The department shall also utilized the reported information to make
recommendations for changes that further enhance standards pursuant
to this section.  The commissioner shall work to ensure that biennial
reports required by this section, and the data collected for the
reports do not require duplicative or conflicting data collection
with other reports as may be required by government-sponsored
programs.  The commissioner may also delay or otherwise phase in
implementation of the standards and requirements in recognition of
costs and availability of translation and interpretation services and
professionals.
   (g) Nothing in this section shall prohibit a government purchaser
from including in their contracts additional translation or
interpretation requirements, to meet the linguistic and cultural
needs, beyond those set forth pursuant to this section.

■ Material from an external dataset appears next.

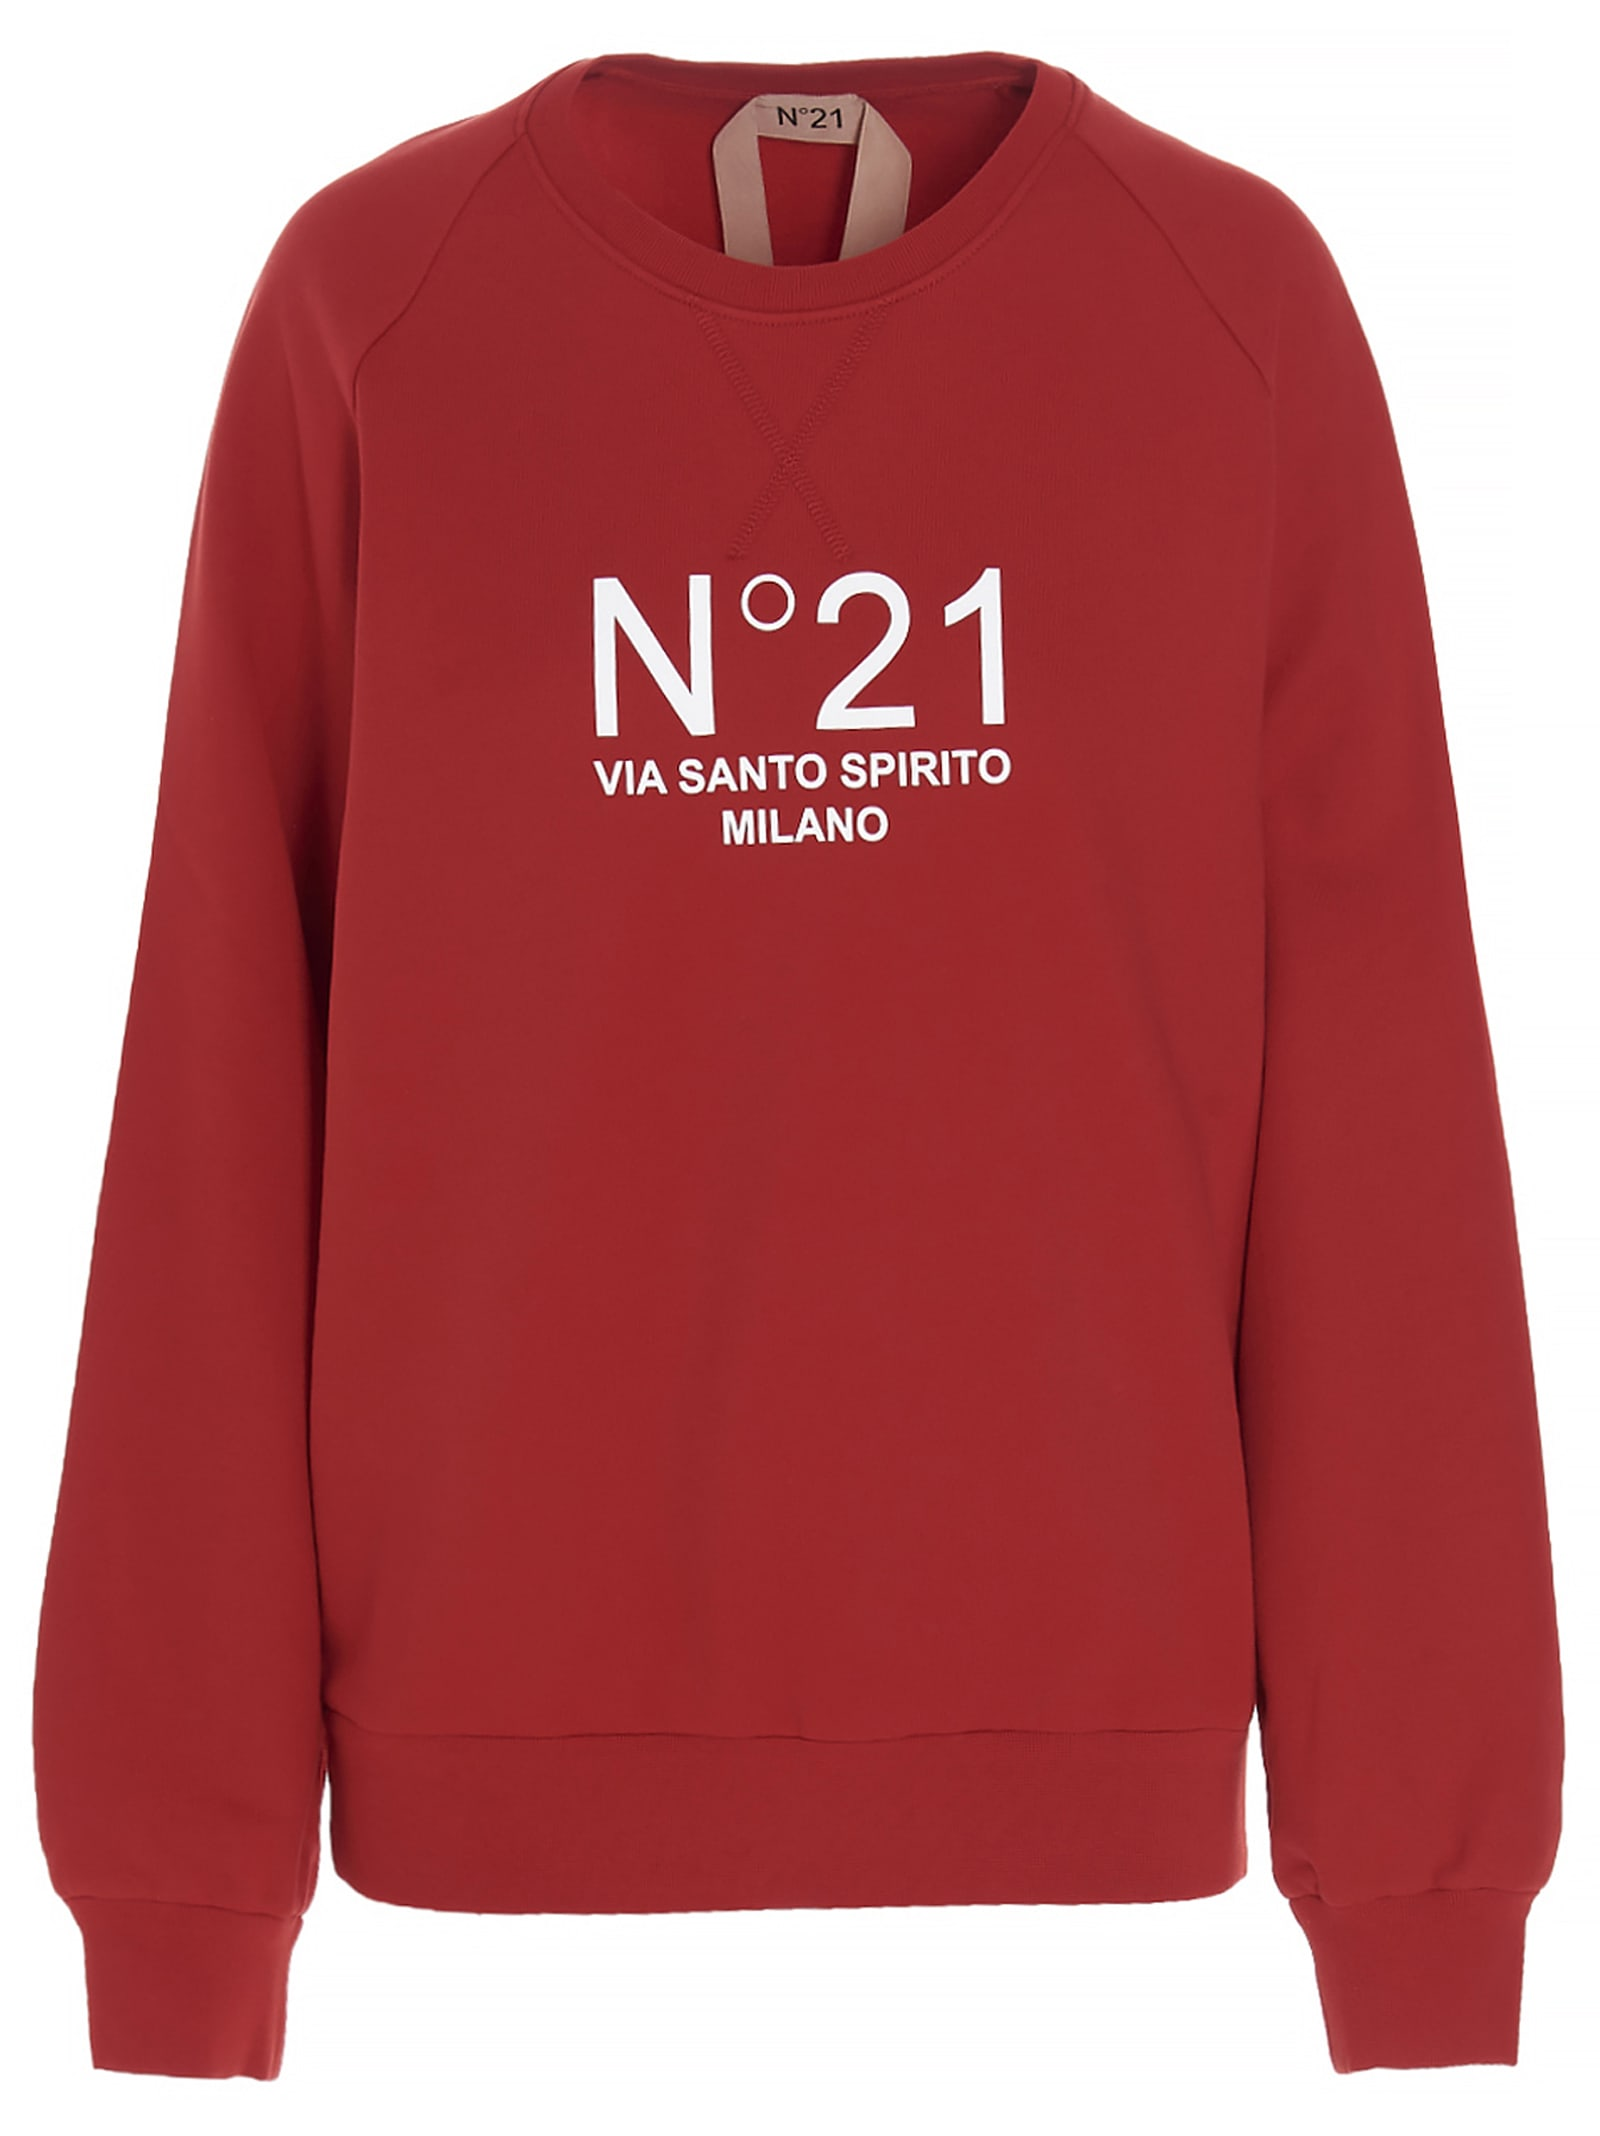 N°21 Cottons N21 SANTO SPIRITO SWEATSHIRT
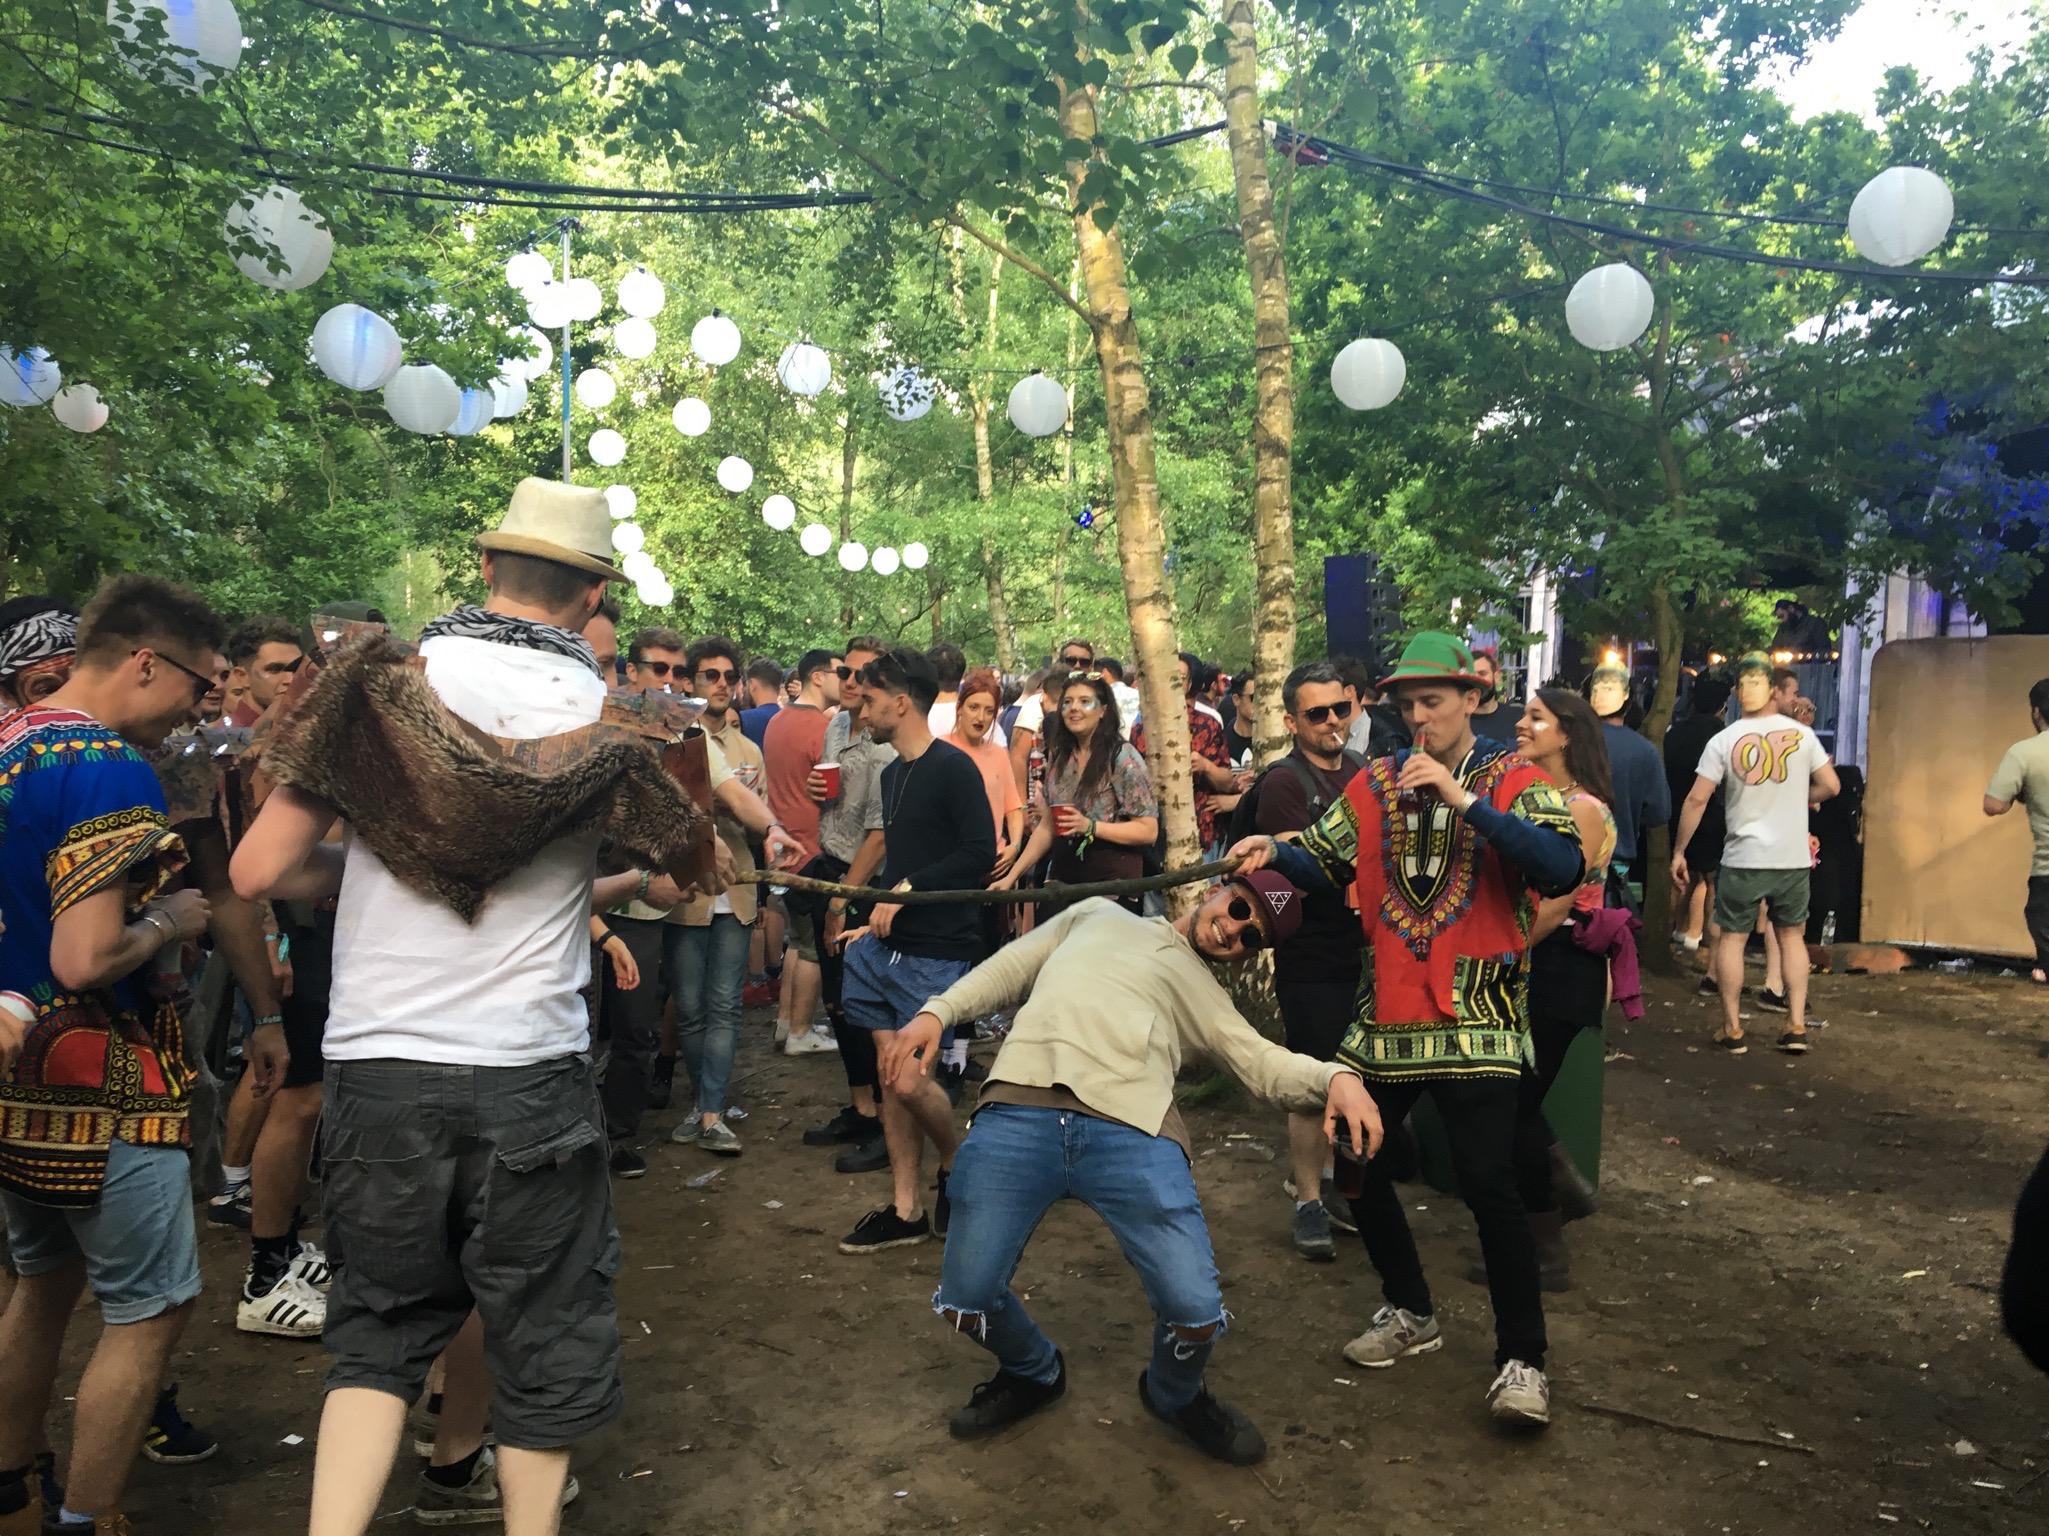 Limbo dancing tribe

  SEC. 5.  Section 10133.9 is added to the Insurance Code, to read:
   10133.9.  Within a year after the health insurer's assessment
pursuant to paragraph (2) of subdivision (b) of Section 10133.8,
health insurers shall report to the Department of Insurance on
internal policies and procedures related to cultural appropriateness,
in a format specified by the department, in the following ways:
   (a) Collection of data regarding the insured population based on
the needs assessment as required by paragraph (2) of subdivision (b)
of Section 10133.8.
   (b) Education of health insurer staff who have routine contact
with insureds regarding the diverse needs of the insured population.

   (c) Recruitment and retention efforts that encourage workforce
diversity.
   (d) Evaluation of the health insurer's programs and services with
respect to the insurer's enrollee populations, using processes such
as an analysis of complaints and satisfaction survey results.
   (e) The periodic provision of information regarding the ethnic
diversity of the insurer's insured population and any related
strategies to insurers providers.  Insurers may use existing means of
communication.
   (f) The periodic provision of educational information to insureds
on the insurer's services and programs.  Insurers may use existing
means of communication.
  SEC. 6.  No reimbursement is required by this act pursuant to
Section 6 of Article XIII B of the California Constitution because
the only costs that may be incurred by a local agency or school
district will be incurred because this act creates a new crime or
infraction, eliminates a crime or infraction, or changes the penalty
for a crime or infraction, within the meaning of Section 17556 of the
Government Code, or changes the definition of a crime within the
meaning of Section 6 of Article XIII B of the California
Constitution.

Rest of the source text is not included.